MORE RESENTFULNESS.  Though many CIOs hope this will change as the economy recovers, getting new tech projects past the corner office is becoming the equivalent of finding the Golden Fleece. At some corporations, the money even has to come out of "the president's fund," as Weinberg calls it -- money that's controlled by the boss.

In most cases, the top exec's scrutiny makes sense. The Booz Allen survey revealed that in implementations of supply-chain management software where CEOs were personally involved, companies spent about half as much as otherwise. Partly, that's because in these concerns top execs have learned to see the big picture -- and apply technology across the silos into which companies tend to divide themselves, says Shorten. Plus, instigating a little change sometimes -- such as getting manufacturing and sales execs to talk more often -- can lead to better decisions.
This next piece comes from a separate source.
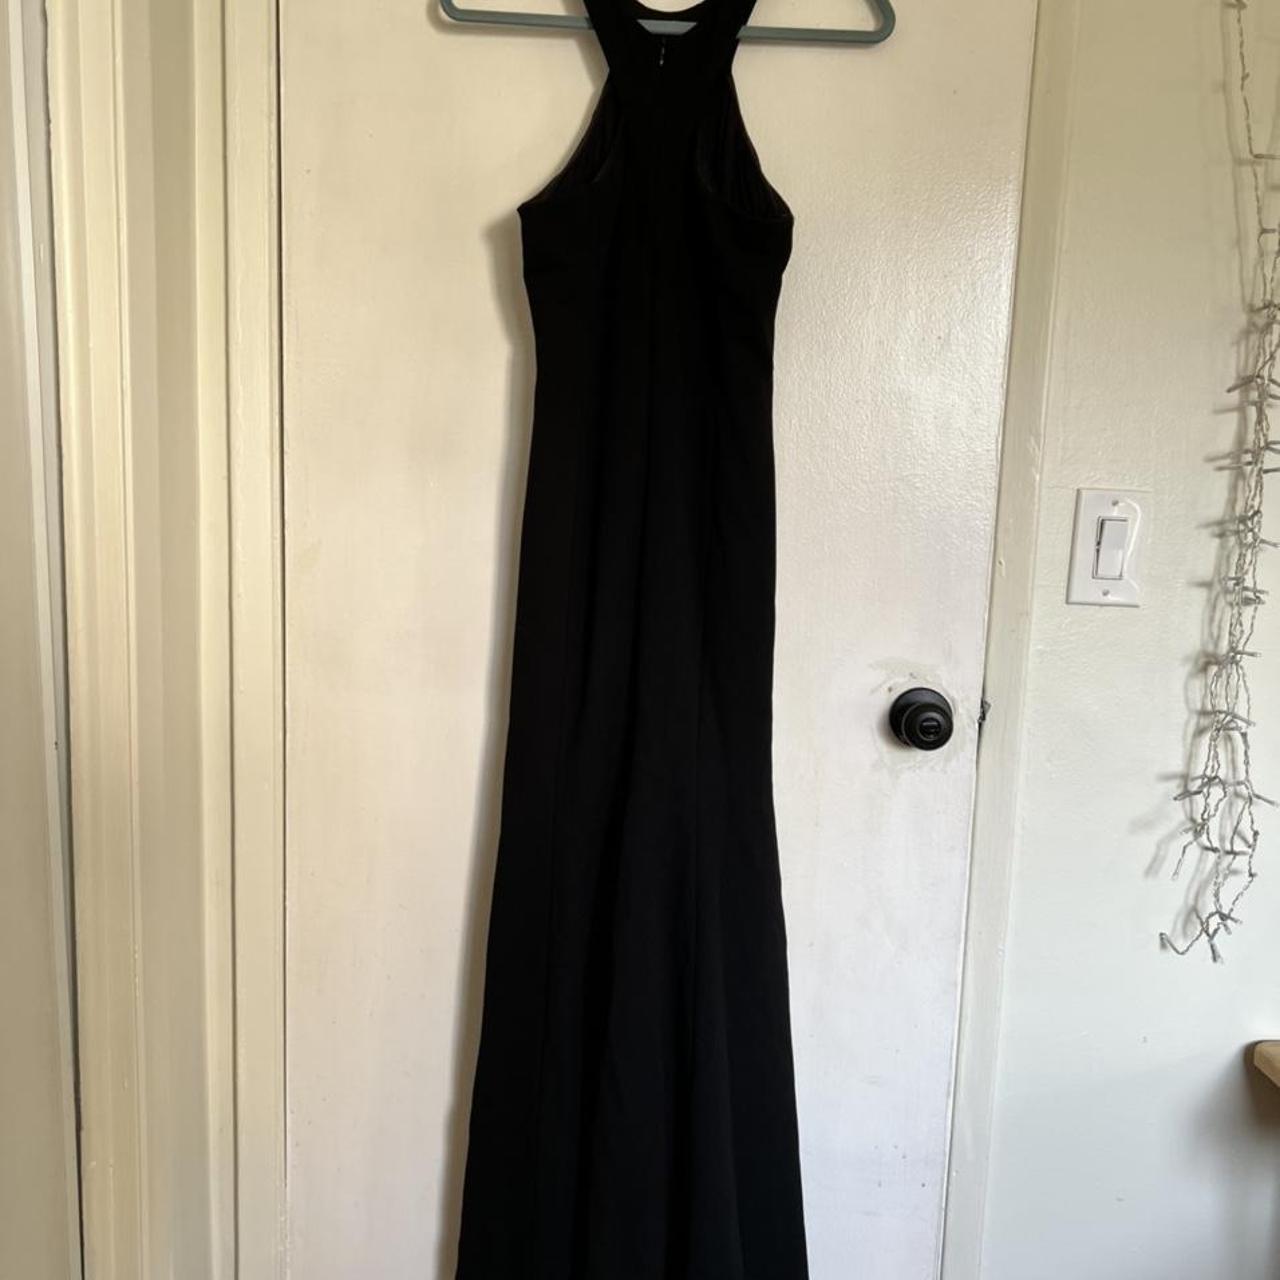 Product Image 3 - Black Fishtail Floor Length Dress

Halter

Still, CEOs have to walk a fine line between being helpful and interfering. Indeed, CIOs tend to be less happy when a tech-savvy CEO is riding herd on them, says Salikof, whose firm recruits both CIOs and CEOs. In a recent survey of 500 tech execs by consultancy CIO Insight, about 65% said they felt unappreciated. And 51% of CIOs at manufacturers said they're looking for new jobs -- a sign that all is not well in the CEO-CIO relationship.

BALANCED PARTNERSHIP.  CIOs have much to resent: Over the past few years, their roles and responsibilities have changed drastically. Instead of flying solo, they now have to run every expense by an executive committee or the CEO -- and in the process provide more and clearer explanations for their plans. Two years ago, Salikof says, he replaced his CIO because he needed someone who could explain IT projects in easy-to-understand terms.
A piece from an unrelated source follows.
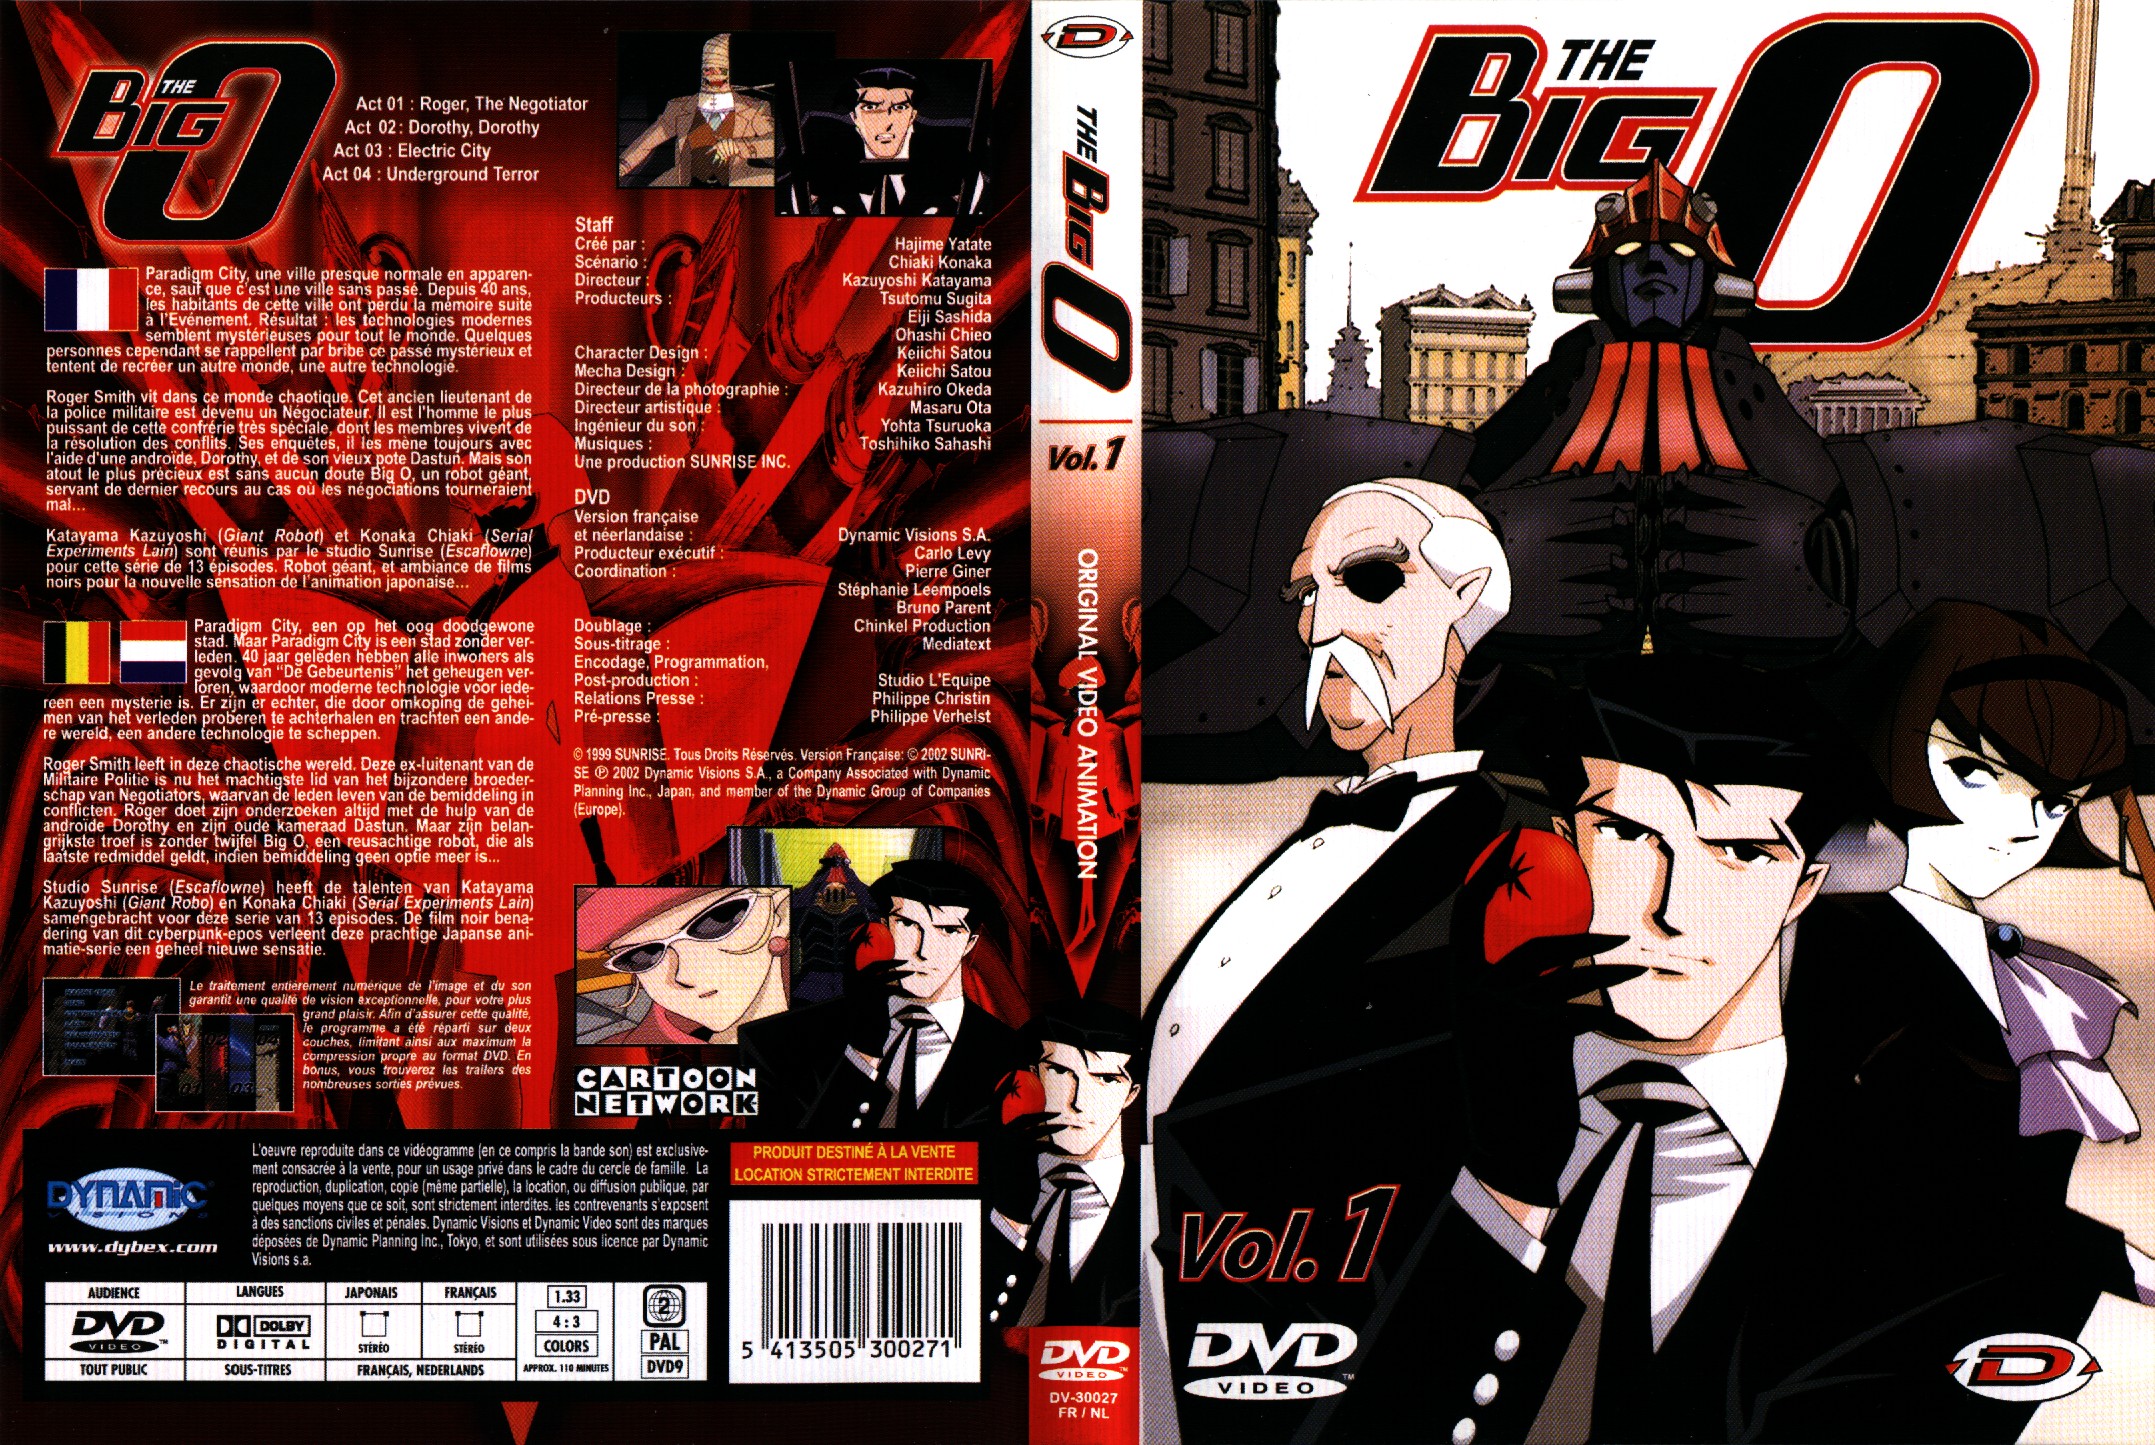 Jaquette DVD The big O vol 1

Still, many experts say this evolution of the CIO's role is for the better. For one, at many companies they're more frequently invited into business meetings to provide suggestions on how the best use of technology can increase profit margins or improve products. And though many tech projects have been a disappointment over the years, they can make a huge difference when done right.
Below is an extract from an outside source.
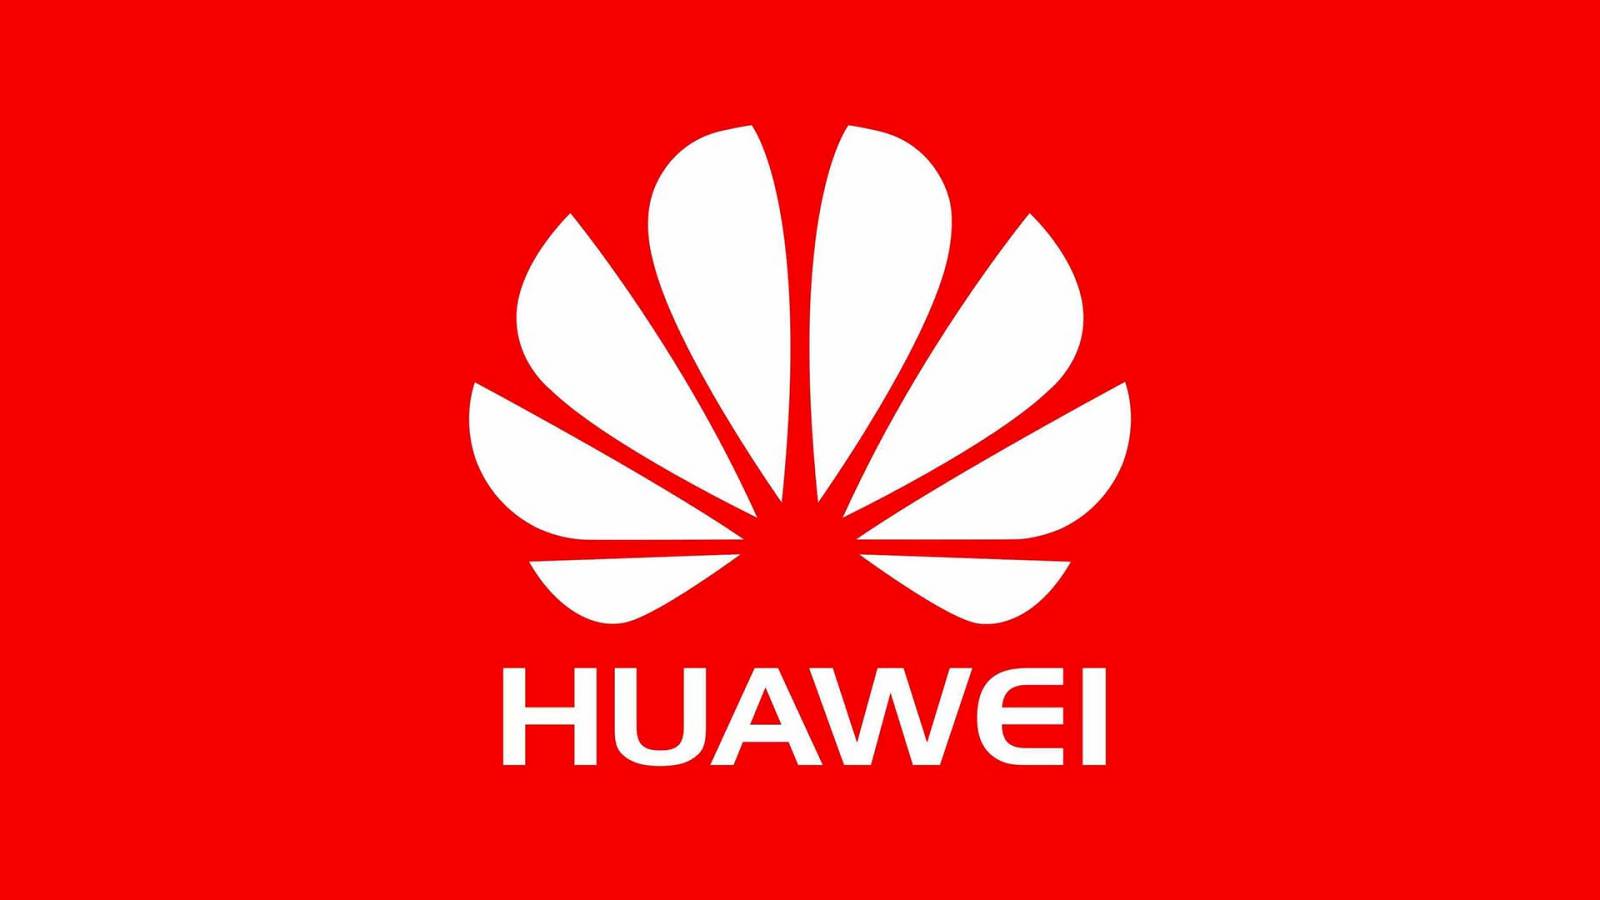 Huawei virkede fuldstændig UMULIG Overraskende mange mennesker

At package-delivery giant United Parcel Service (UPS ), which spends more than $1 billion on technology annually, CIO Ken Lacy not only sits in on most meetings among senior execs but he also visits customers. His efforts have made possible a new package-assembly service: UPS will group shipments of the parts needed to assemble a PC in its warehouse, so that when it delivers them, the PC maker will save on storage space and sorting time -- a convenience that earns UPS major brownie points.

Smart CEOs see their CIOs as partners -- though, in the past few years, chief execs have learned to think for themselves as well. In the long run, that will be good for their companies -- and for their shareholders too.



By Olga Kharif in Portland, Ore.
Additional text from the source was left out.